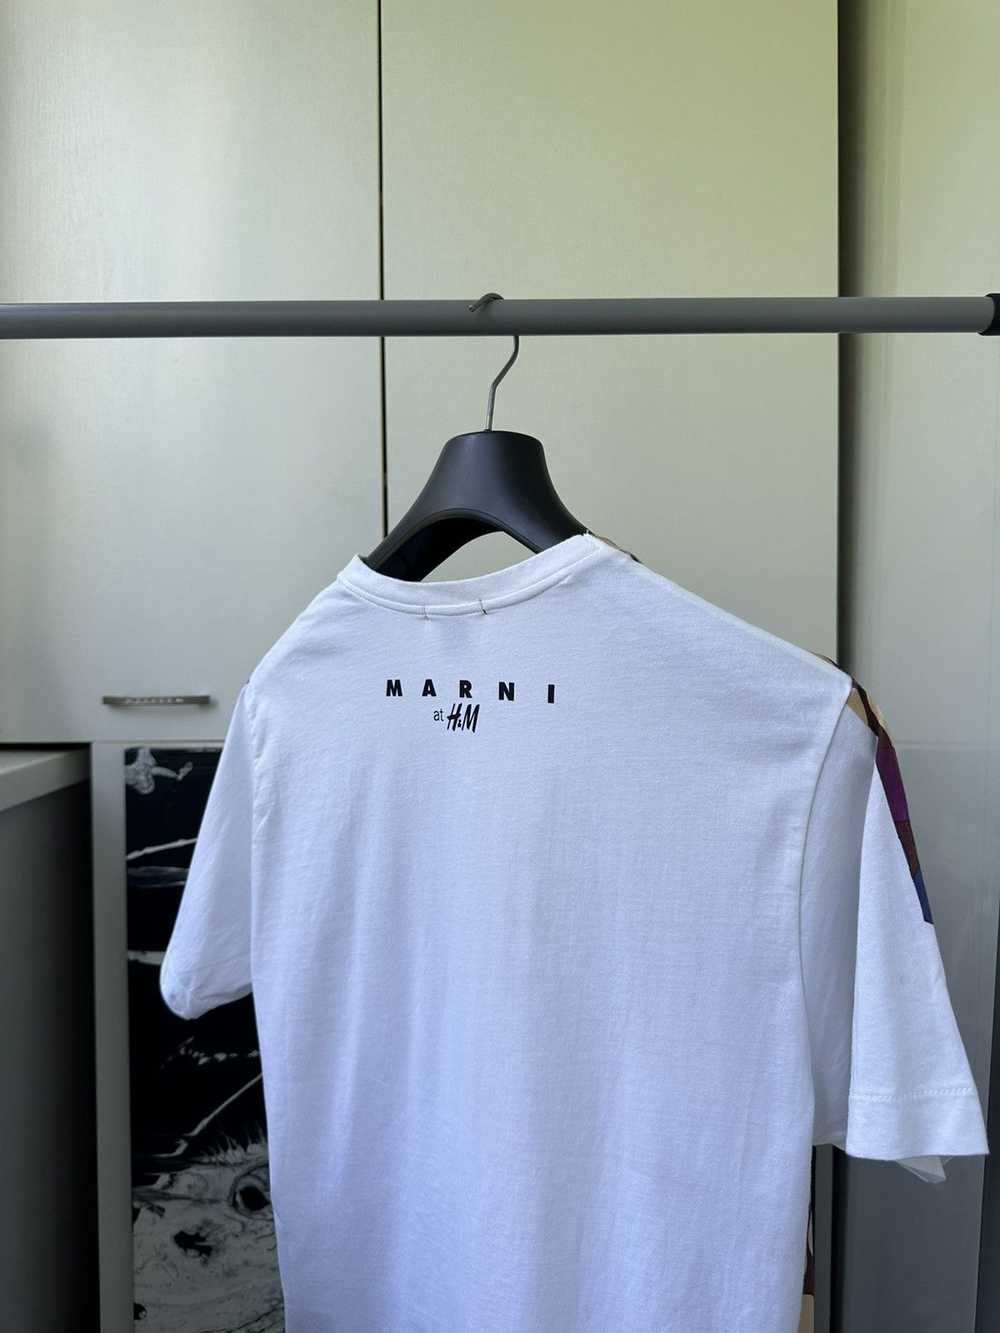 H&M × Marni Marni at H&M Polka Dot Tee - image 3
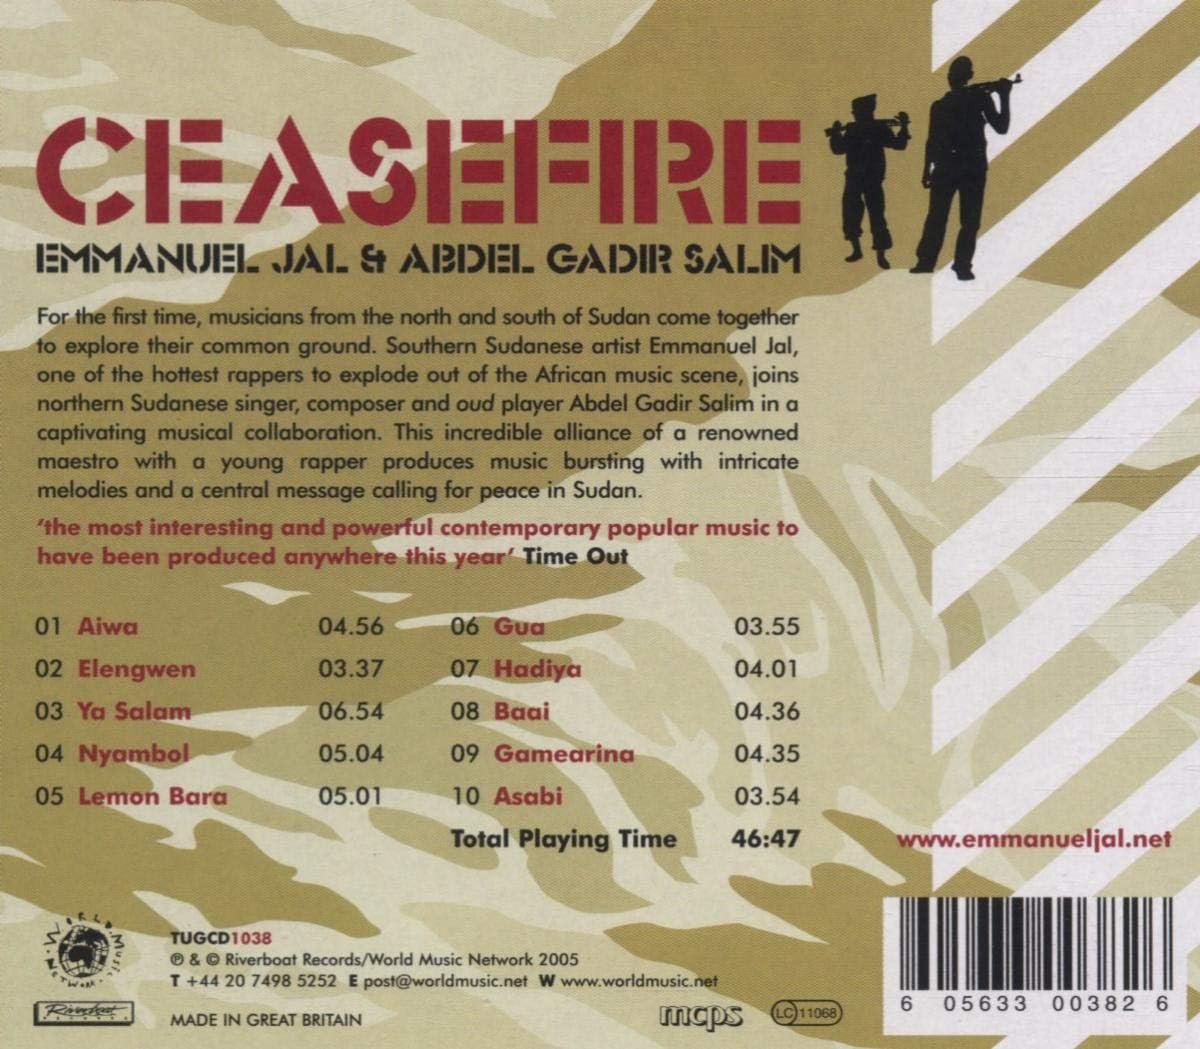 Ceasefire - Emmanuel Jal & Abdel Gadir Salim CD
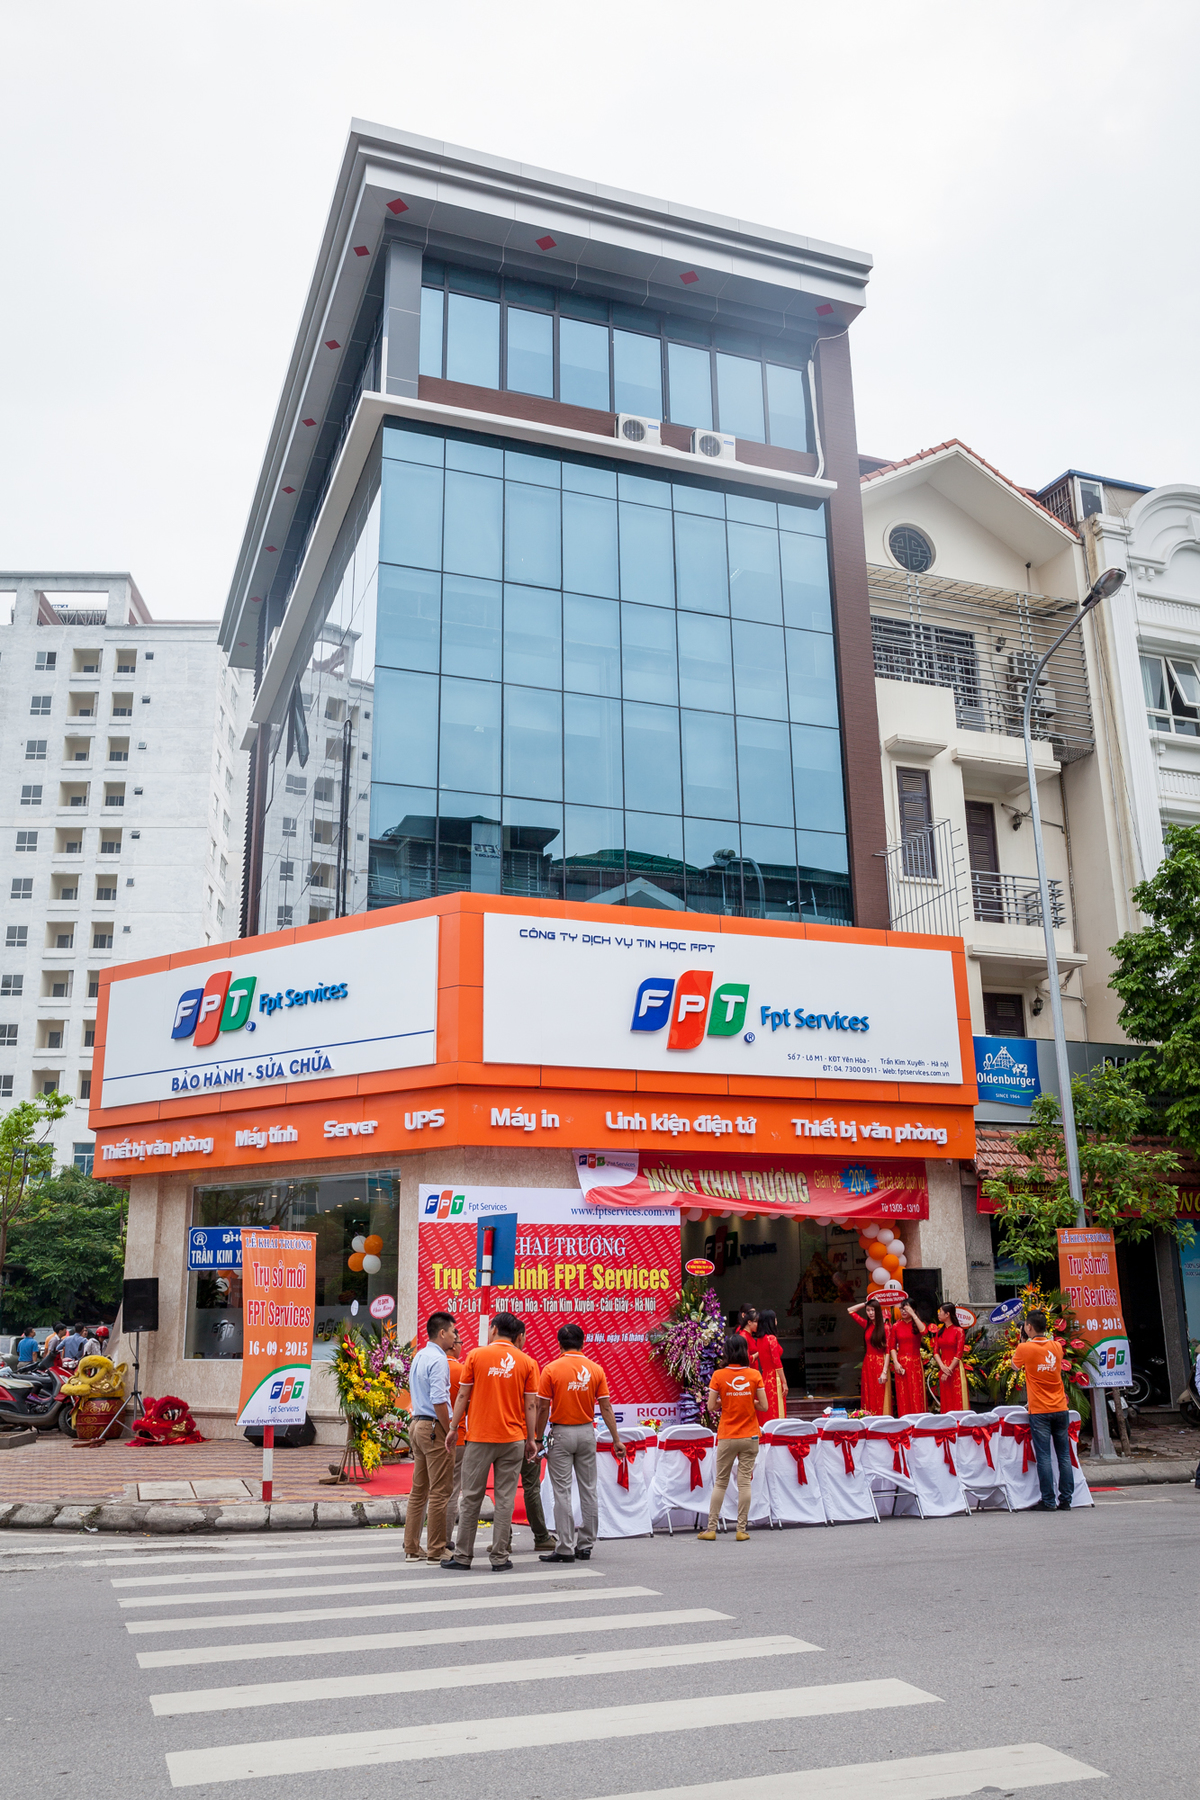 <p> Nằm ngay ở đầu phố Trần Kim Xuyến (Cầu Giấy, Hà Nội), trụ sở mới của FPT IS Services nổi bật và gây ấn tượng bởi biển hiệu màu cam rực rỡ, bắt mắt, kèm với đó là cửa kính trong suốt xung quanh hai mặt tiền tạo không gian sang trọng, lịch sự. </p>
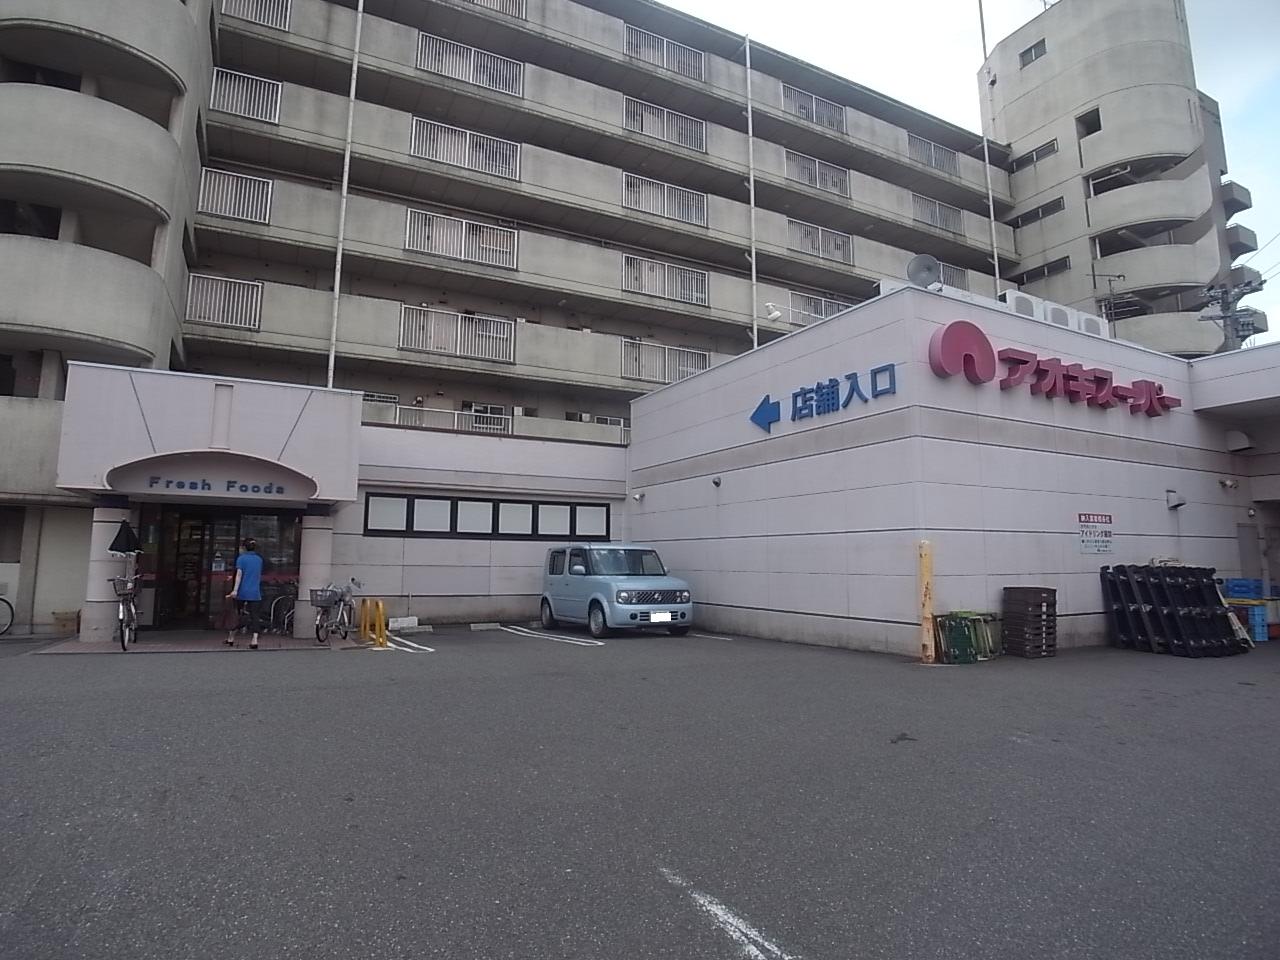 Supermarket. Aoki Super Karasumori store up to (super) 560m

* **Exercise brief**:
The reply should repeat the listing above exactly and contain no pictures.

* **Your response**:
 H&M × Marni Marni at H&M Polka Dot Tee - image 3
 Ceasefire - Emmanuel Jal & Abdel Gadir Salim CD
 <p> Nằm ngay ở đầu phố Trần Kim Xuyến (Cầu Giấy, Hà Nội), trụ sở mới của FPT IS Services nổi bật và gây ấn tượng bởi biển hiệu màu cam rực rỡ, bắt mắt, kèm với đó là cửa kính trong suốt xung quanh hai mặt tiền tạo không gian sang trọng, lịch sự. </p>
 Supermarket. Aoki Super Karasumori store up to (super) 560m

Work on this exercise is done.